22  CITE-seq with ShinyCell2

Author
Affiliation

Dr Randy Johnson

Hood College

Published

October 8, 2025

Introduction

In today’s hands-on exercise we’ll be playing with an output from ShinyCell2 (Chen et al. 2025; Ouyang 2025). The data comes from a multimodal reference atlas built from a CITE-seq analysis of 211,000 human peripheral blood mononuclear cells (PMBCs) with 228 antibodies from 8 individuals (Hao et al. 2021). This is the same paper that introduced the weighted-nearest neighbor (WNN) analysis approach.

Setup

We’ll be following the instructions from this tutorial for ShinyCell2.

Prepare to run the app

You’ll need to download the app - this is linked in Blackboard under this week’s materials. Once you have it downloaded and saved in a good place:

  • Open the terminal app (use git-bash on Windows)
  • Navigate to the location of the file using cd
  • Unzip with tar -zxf shinyApp_CITE-seq.tar.gz
  • Open shinyApp_CITE-seq.Rproj within the decompressed folder
  • Install following R packages:
# packages needed to run the app locally
reqPkg = c("shiny", "shinyhelper", "data.table", "Matrix", "DT", "magrittr", 
           "ggplot2", "ggrepel", "hdf5r", "ggdendro", "gridExtra", "ggpubr")
newPkg = reqPkg[!(reqPkg %in% installed.packages()[,"Package"])]
if(length(newPkg)){install.packages(newPkg)}

Creating the app

In order to create the app used in this lab, you’ll need to install the following R packages. This is optional and not recommended during class as it takes awhile to run. You are welcome to try it out later, though!

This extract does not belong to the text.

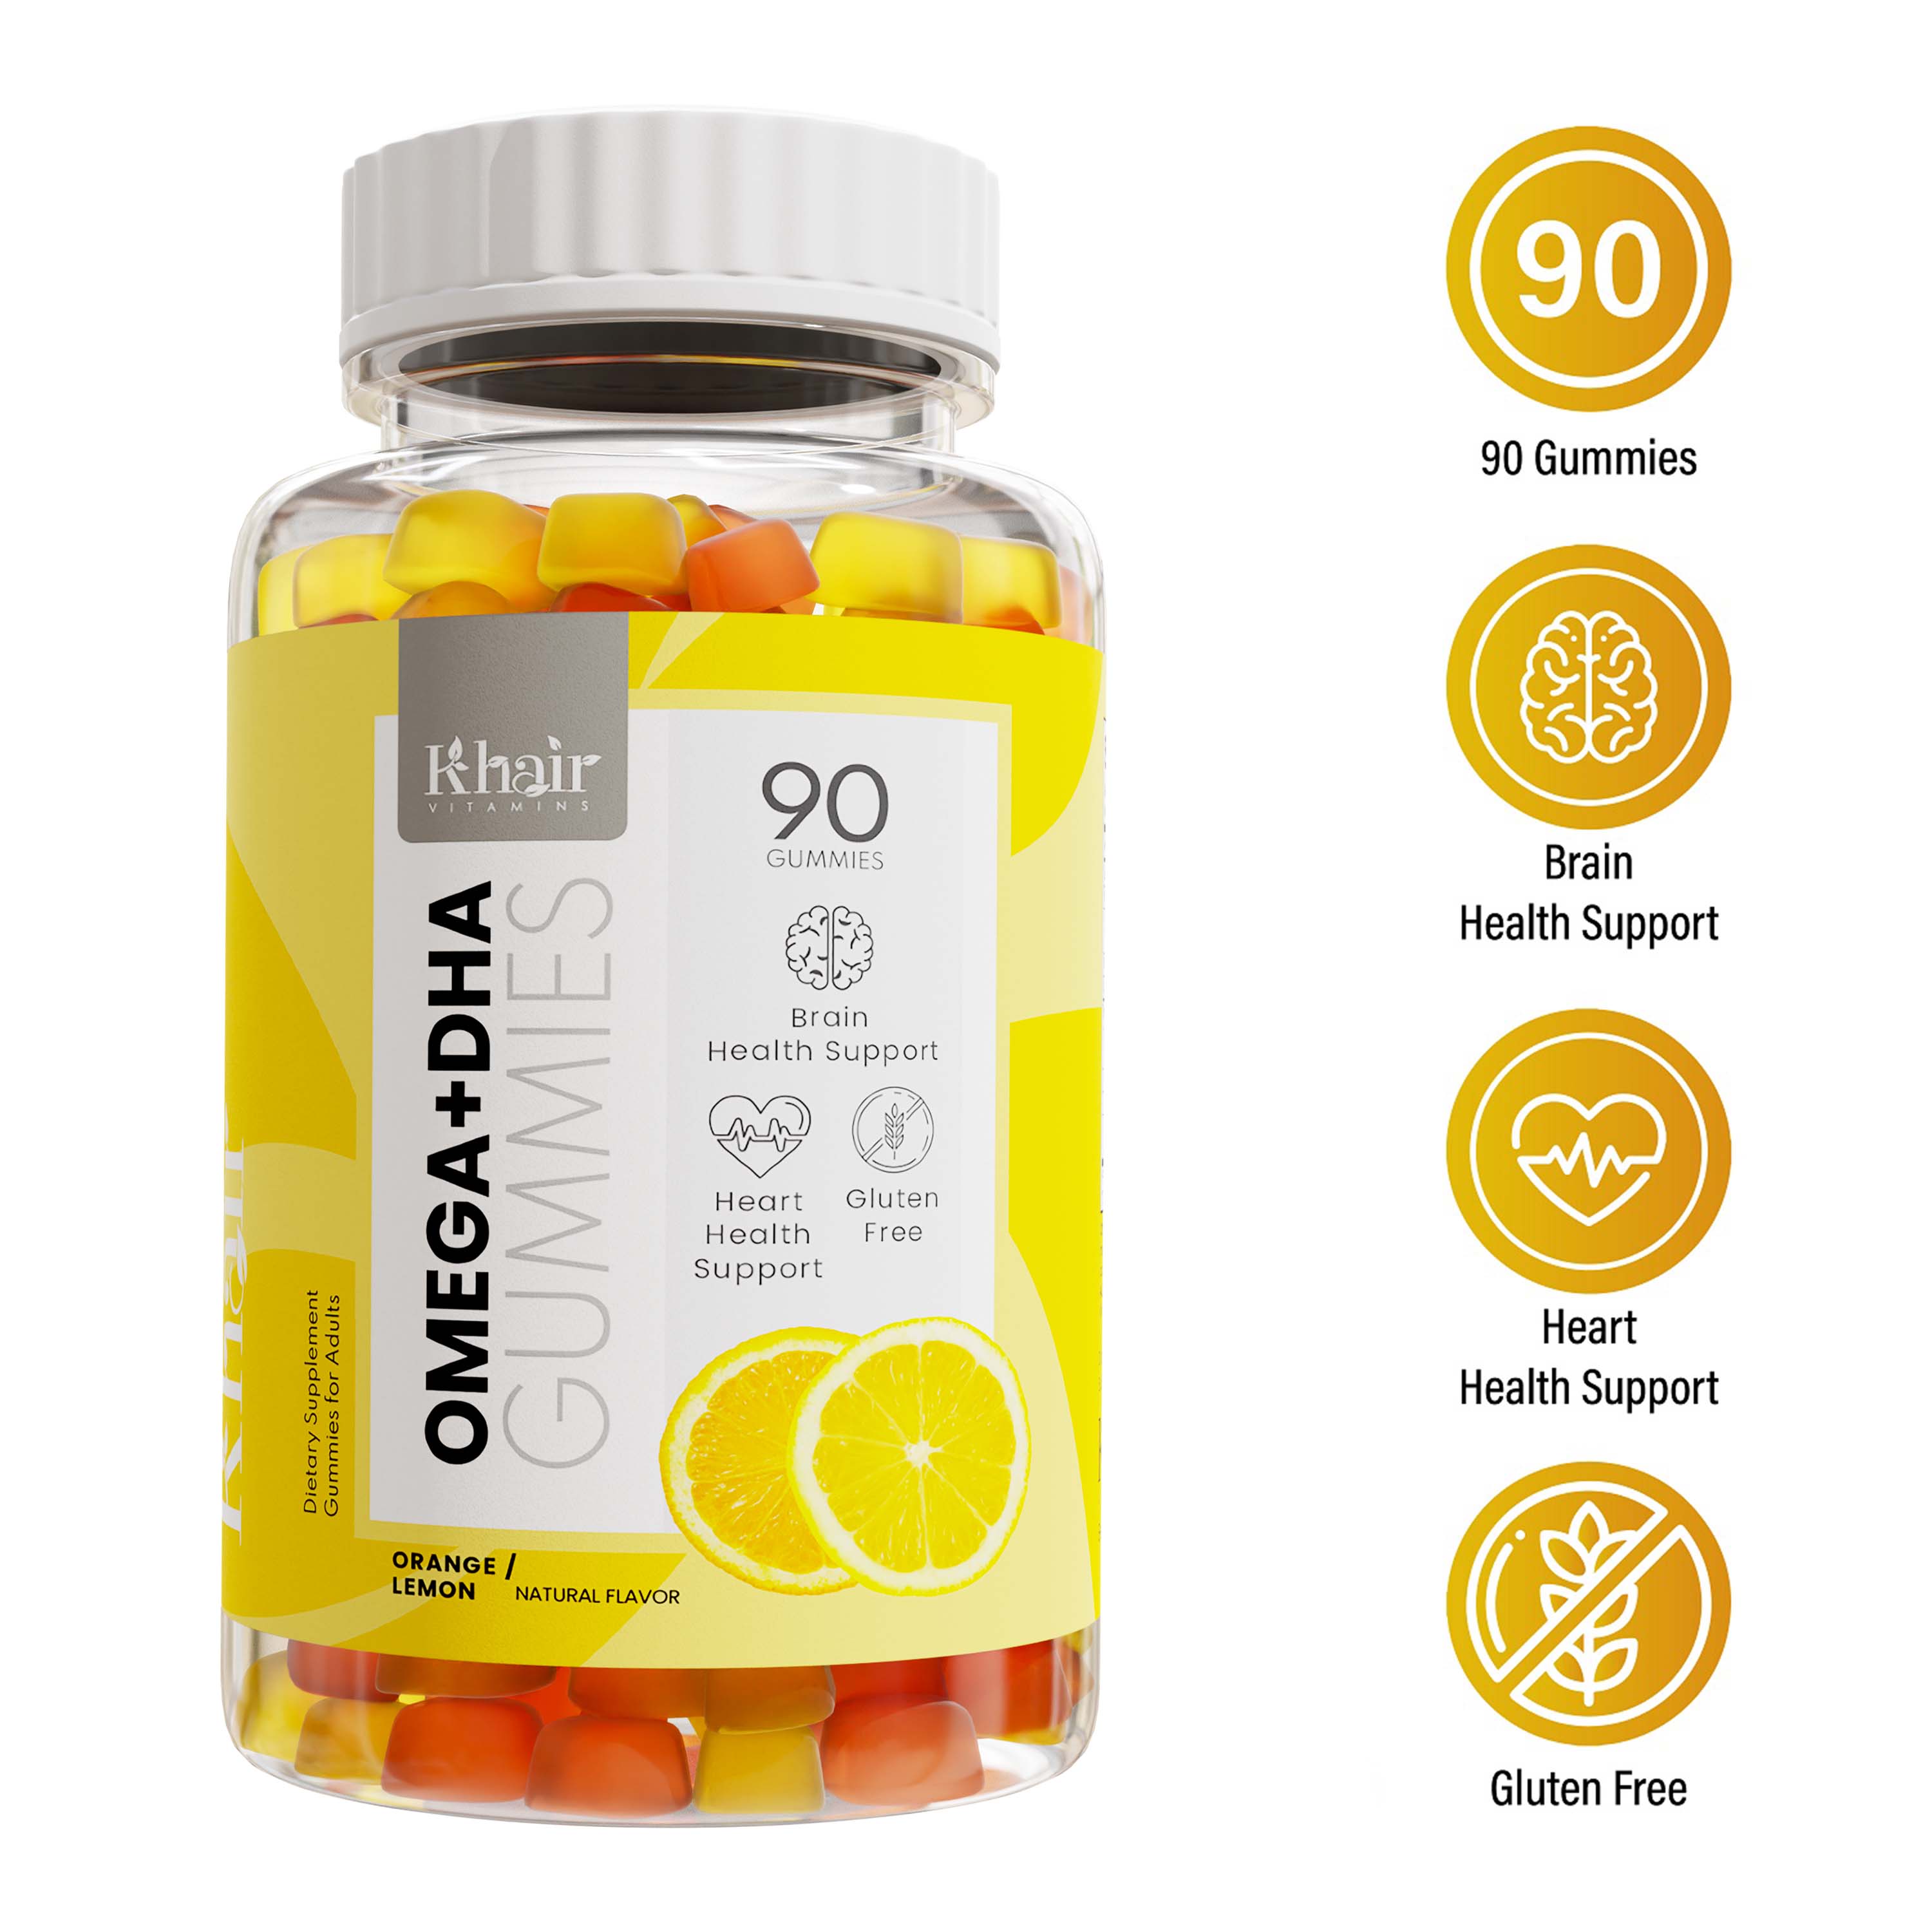 A bottle of Khair Omega + DHA Gummies featuring 90 gummies for brain and heart health support, labeled as gluten-free, in orange and lemon natural flavors.

# packages needed to build the app
reqPkg = c("data.table", "Matrix", "hdf5r", "reticulate", "R.utils", 
           "ggplot2", "gridExtra", "glue", "readr", "future", "RColorBrewer",
           "Seurat", "devtools")
newPkg = reqPkg[!(reqPkg %in% installed.packages()[,"Package"])]
if(length(newPkg)){install.packages(newPkg)}

We should be ready to install ShinyCell2 and generate the app for today.

# install ShinyCell2
devtools::install_github("the-ouyang-lab/ShinyCell2")

# load required packages
library(Seurat)
library(ShinyCell2)

# get the path to this repository
root <- here::here()

# read sample data (2G download from https://zenodo.org/records/15162323)
seu <- readRDS(file.path(root, "data", "scRNA", "multimodal_pbmc.rds"))

# Configuration
scConf <- createConfig(seu)
scConf <- delMeta(scConf, "lane")

# create shiny files
makeShinyFiles(seu, scConf = scConf, dimred.to.use = "umap", 
    shiny.prefix = "sc1", shiny.dir = "shinyApp_CITE-seq/", 
    default.gene1 = "IRF1", default.gene2 = "GATA2")

# generate shiny app
makeShinyCodes(shiny.prefix = "sc1", 
               shiny.dir = "shinyApp_CITE-seq/", 
               shiny.title = "pbmc_CITE-seq")

This file is much smaller than the raw data, but it is still not trivial. I created a zipped archive that you downloaded in the section above with the following command.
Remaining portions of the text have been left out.